I started in 2007 managing Oracle databases for defense clients — environments where a bad query plan or a failed backup had real, sometimes irreversible consequences. That's not where most cloud engineers start, and it shaped how I think about systems in ways that are hard to unlearn.

From there I spent close to a decade at Viper Technology building and operating enterprise AWS infrastructure for government and commercial workloads. VPCs, IAM, EC2 fleets, RDS clusters at scale. I wasn't reading about these things — I was the person on call when they broke.

At Zolon Tech I moved into senior infrastructure architecture. Multi-account AWS landing zones, EKS clusters, GitOps delivery pipelines, zero-downtime cloud migrations. The work became more complex and the stakes were higher, but the discipline was the same: build it so it doesn't break, and when it does, fix it faster than anyone notices.

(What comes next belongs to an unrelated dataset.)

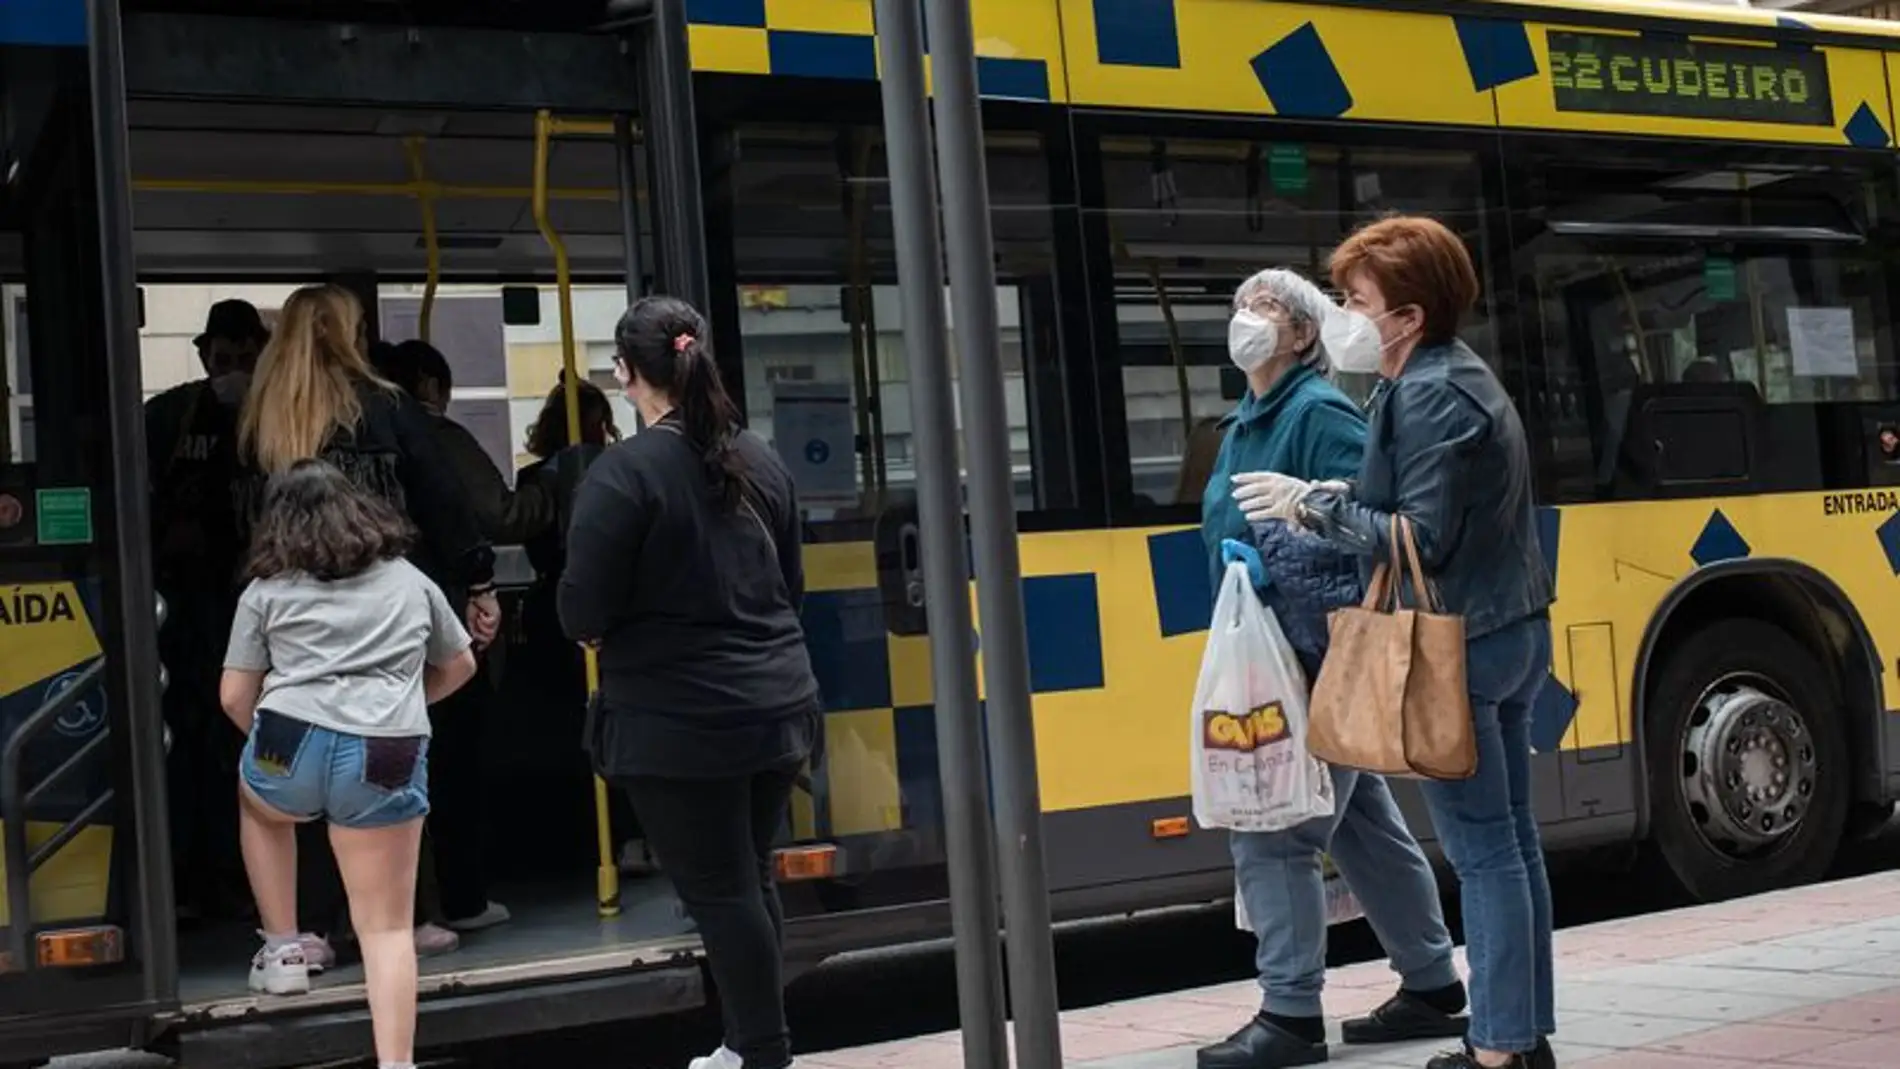 O Psoe urxe ao concello que "limete o aforo" no servizo de autobuses urbanos

The AI infrastructure work I do now isn't a career change — it's the same foundation applied to a harder problem. LLM systems have all the failure modes of distributed systems, plus a whole new class of problems that most engineers haven't seen yet. Production scars help.

17+
Years in Production
3
AI Infra Projects Shipped
4
Industry Certifications
AWS
Primary Cloud Platform

Featured Projects

Built to solve
problems that exist

Project 01
GitOps Sentinel
AIOps · Kubernetes Remediation
The real-world problem: In 2021, a misconfigured BGP announcement at Facebook took down Instagram, WhatsApp, and Facebook itself for six hours. In 2023, a bad Kubernetes config change at a fintech startup cascaded into a 14-hour incident. The pattern is the same every time — a config change hits production, Prometheus fires alerts at 3am, the on-call engineer is asleep, and by the time anyone is online the blast radius has grown. The question isn't whether this will happen to your cluster. It's whether your system can respond before a human has to.

GitOps Sentinel is an autonomous remediation platform for Kubernetes clusters. When Alertmanager fires a webhook, Sentinel doesn't just page on-call — it ingests the signal through an HMAC-validated API Gateway, deduplicates via DynamoDB, bundles Prometheus metrics and k8s events into S3, and routes the incident through a Step Functions multi-agent pipeline: Classifier → Root Cause → Action Planner → Confidence Scorer. Every remediation is a Git commit. Argo CD detects the merged PR and syncs the cluster. The cluster only changes through the same reviewed write path a human engineer would use.

The design comes from a real operational insight: not all incidents are equal, and the action shouldn't be either. Sentinel gates every remediation on a deterministic confidence score with three explicit routes — ≥80 auto-applies the PR, 40–79 opens a PR for engineer review, and <40 escalates to on-call with no automated change. Routine incidents (OOMKilled pods, replica drift, known bad image tags) resolve in seconds. Novel or high-risk scenarios escalate before anything touches the cluster. Five minutes after every remediation, an Outcome Validator queries Prometheus to confirm the fix held — and if it didn't, it opens an automatic revert PR. The cluster is never worse off than it was before Sentinel ran.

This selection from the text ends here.